*** Exercise data ***

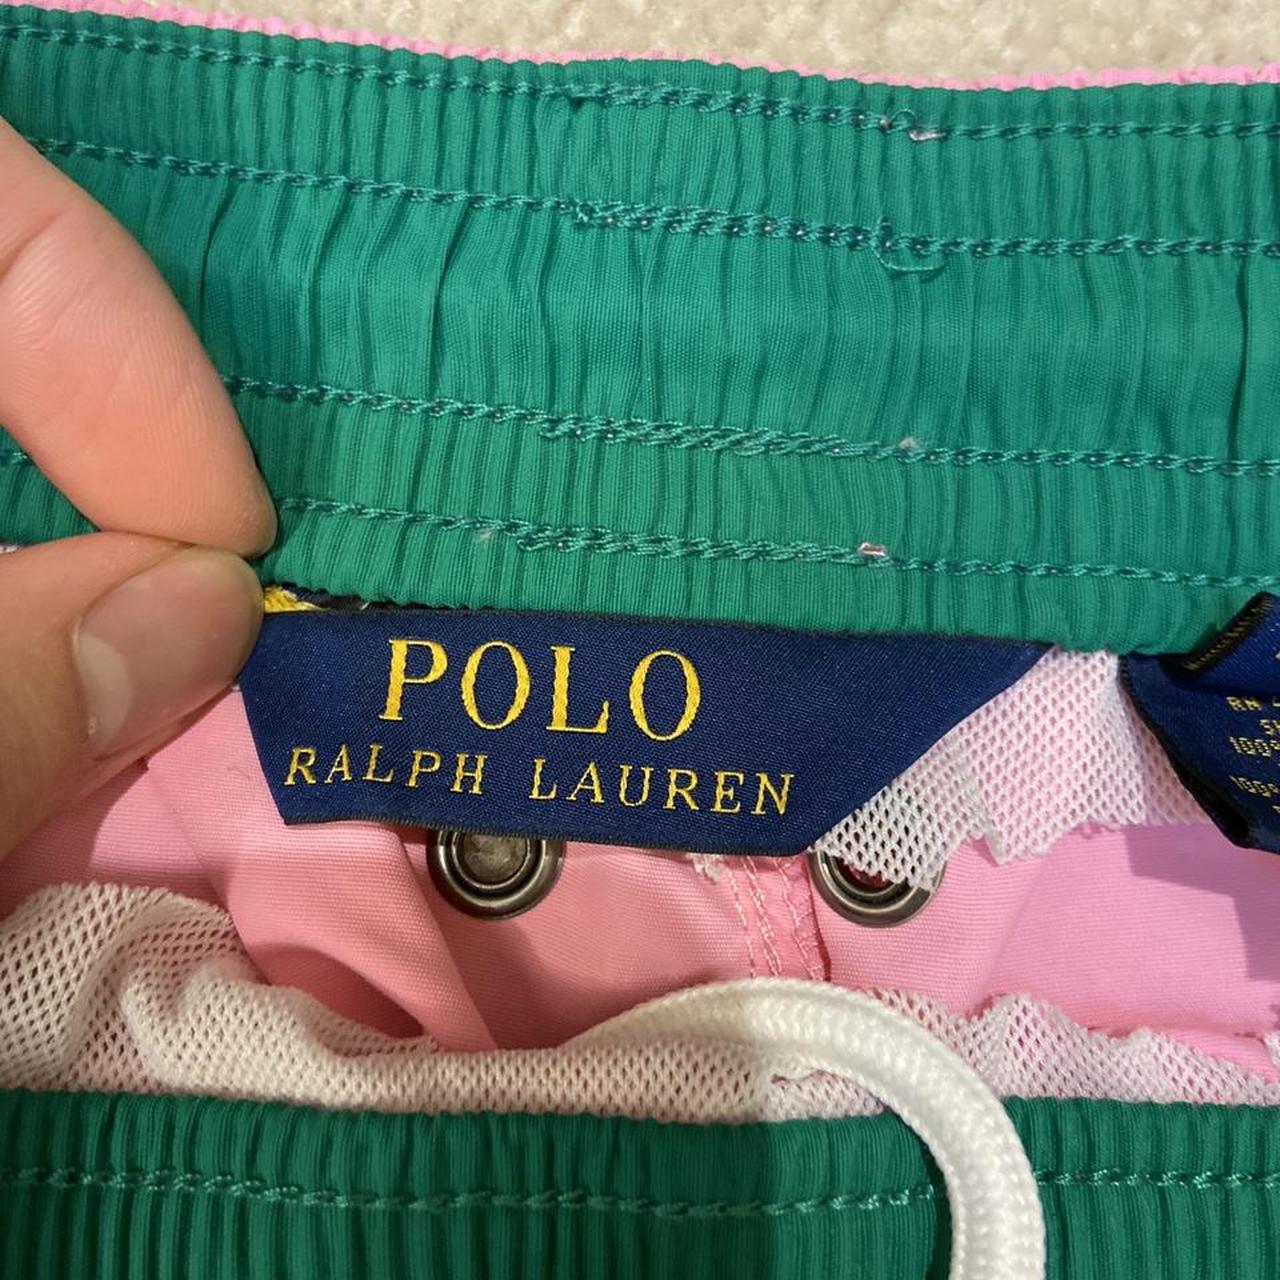 Polo Ralph Lauren Pink Swim Trunks XL Size:... - Depop
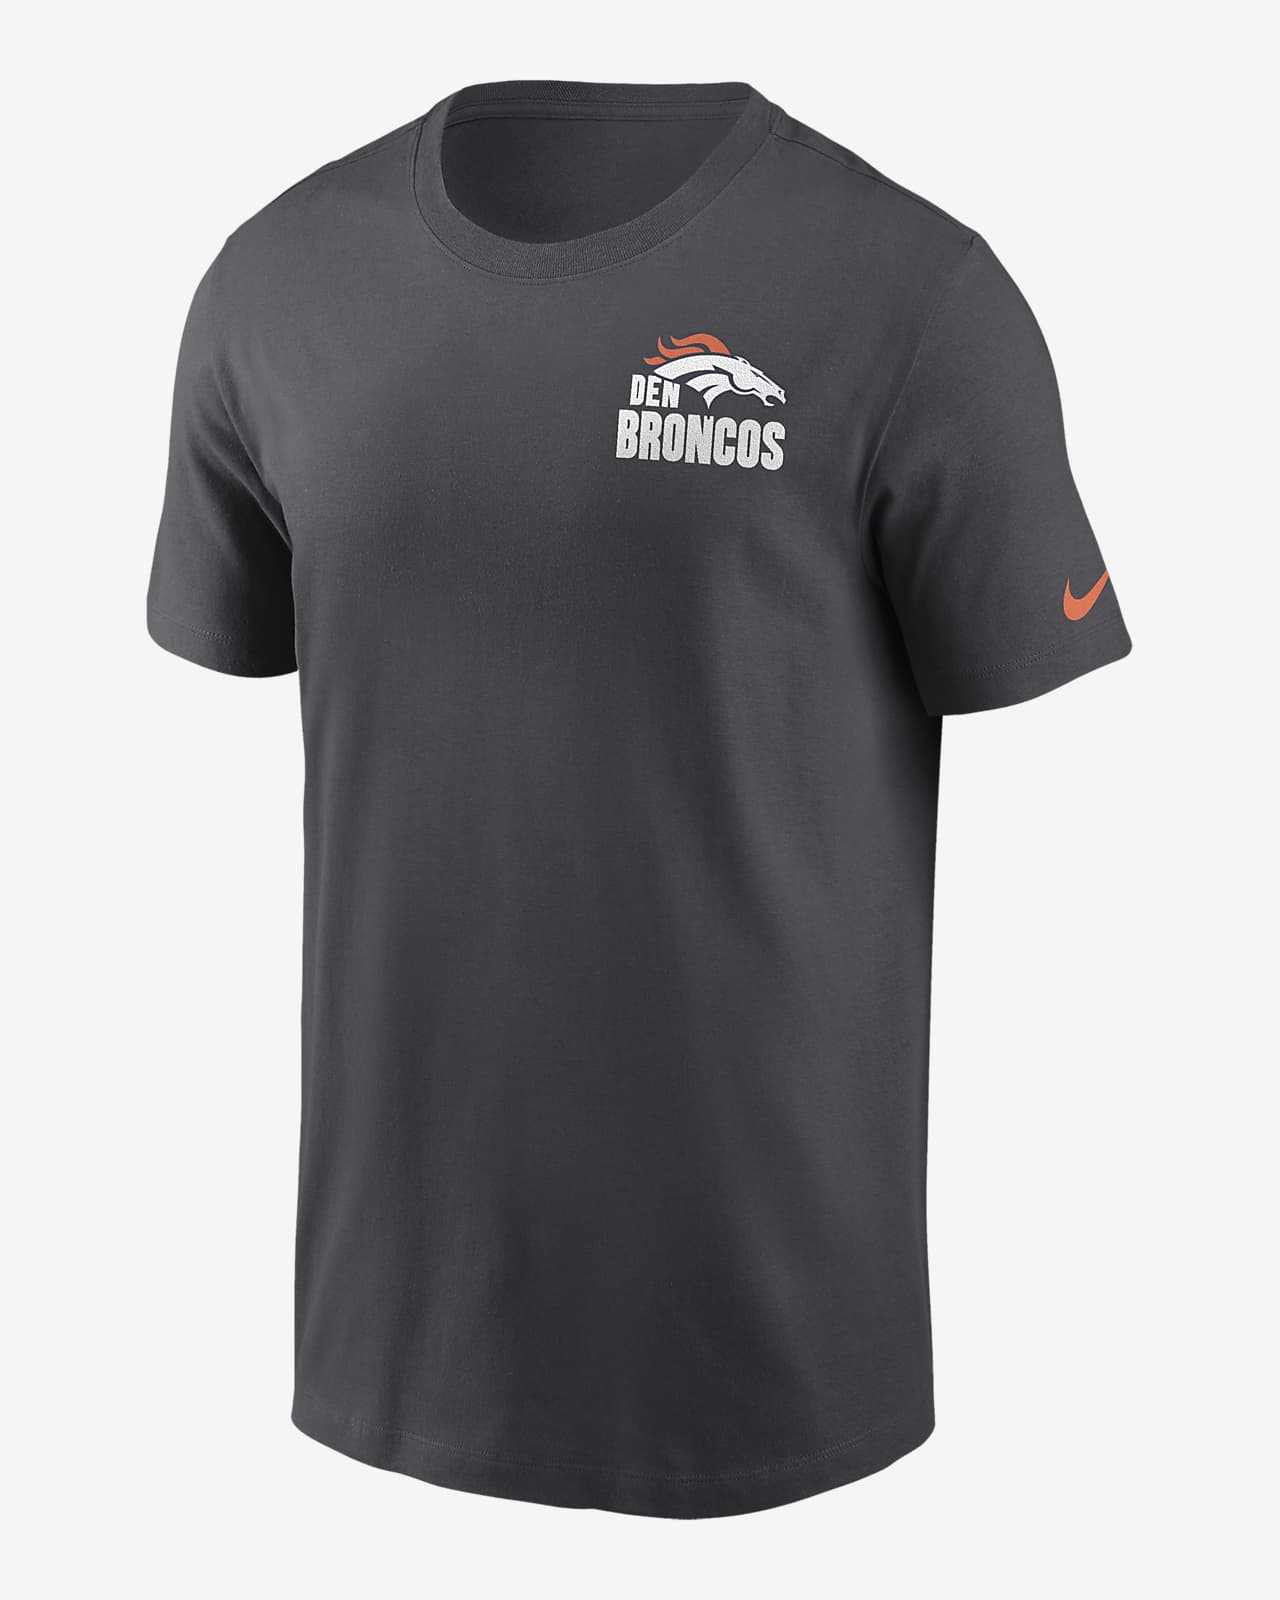 Denver Broncos Blitz Team Essential Men's Nike NFL T-Shirt
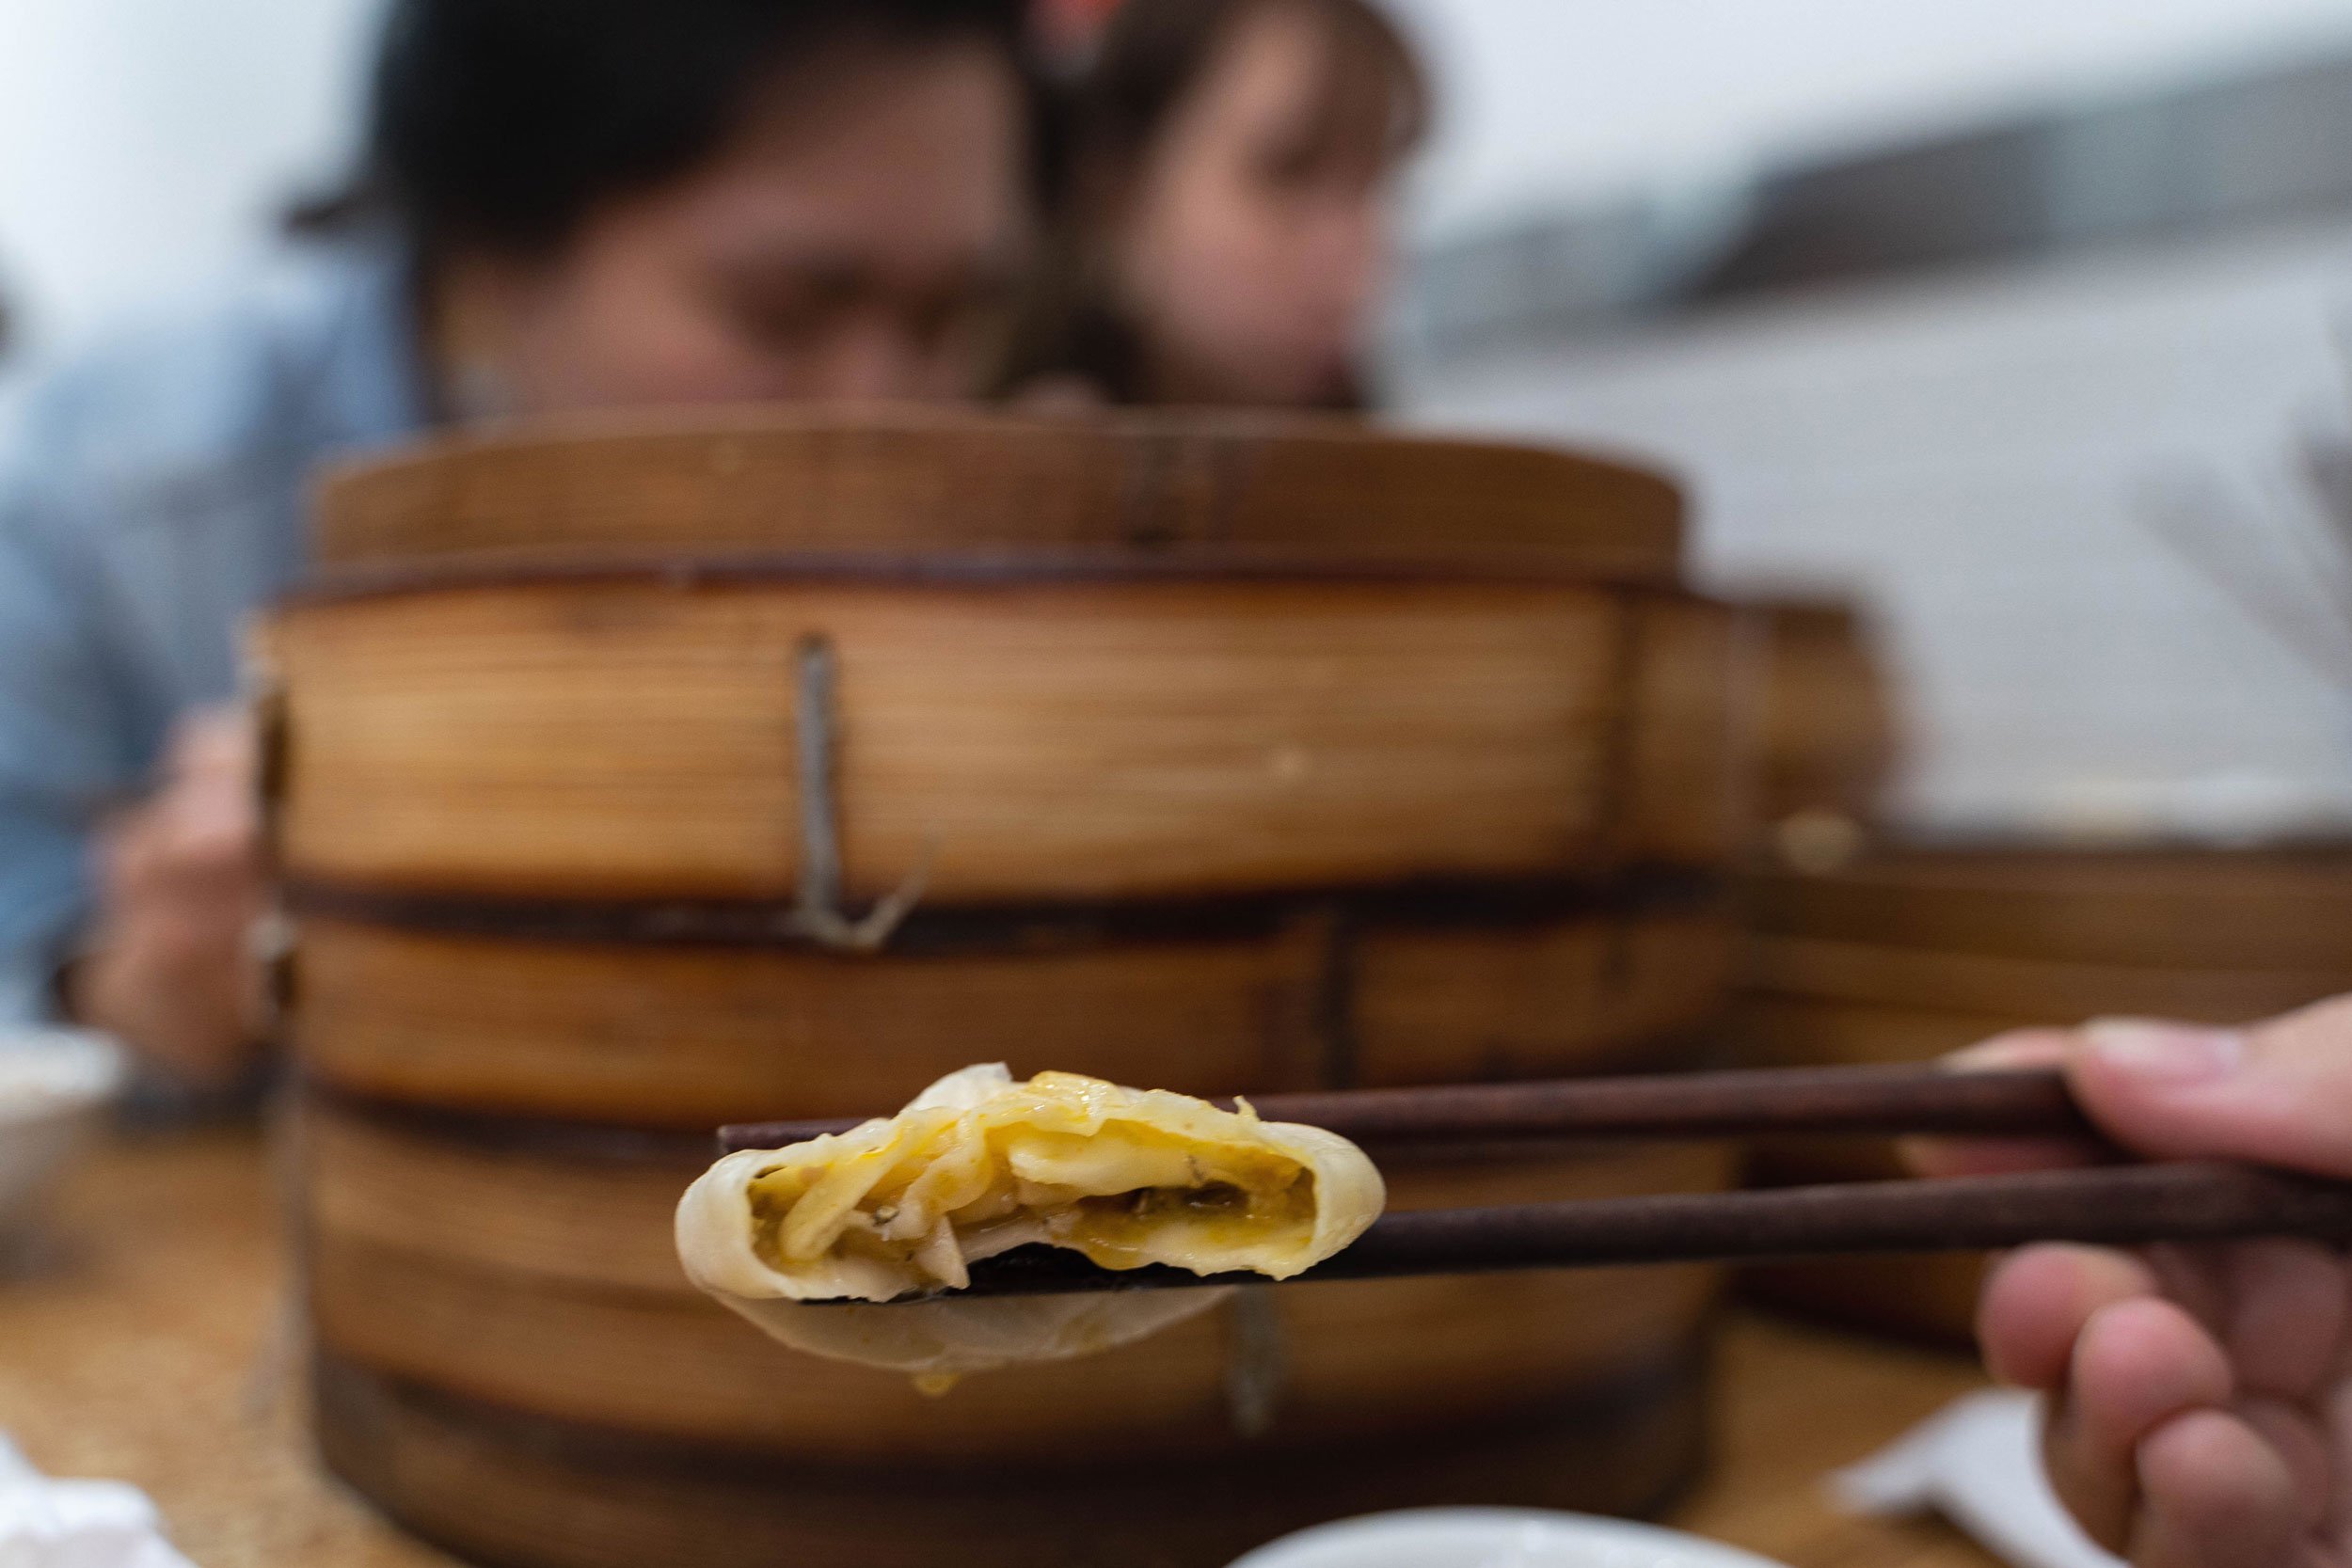 Inside the xiaolongbao (Shanghai soup dumplings)

*** End of Exercise data ***

**Your goal**
The material above must be reproduced line for line, with the images omitted.

**Answer**
 Polo Ralph Lauren Pink Swim Trunks XL Size:... - Depop
 Denver Broncos Blitz Team Essential Men's Nike NFL T-Shirt
 Inside the xiaolongbao (Shanghai soup dumplings)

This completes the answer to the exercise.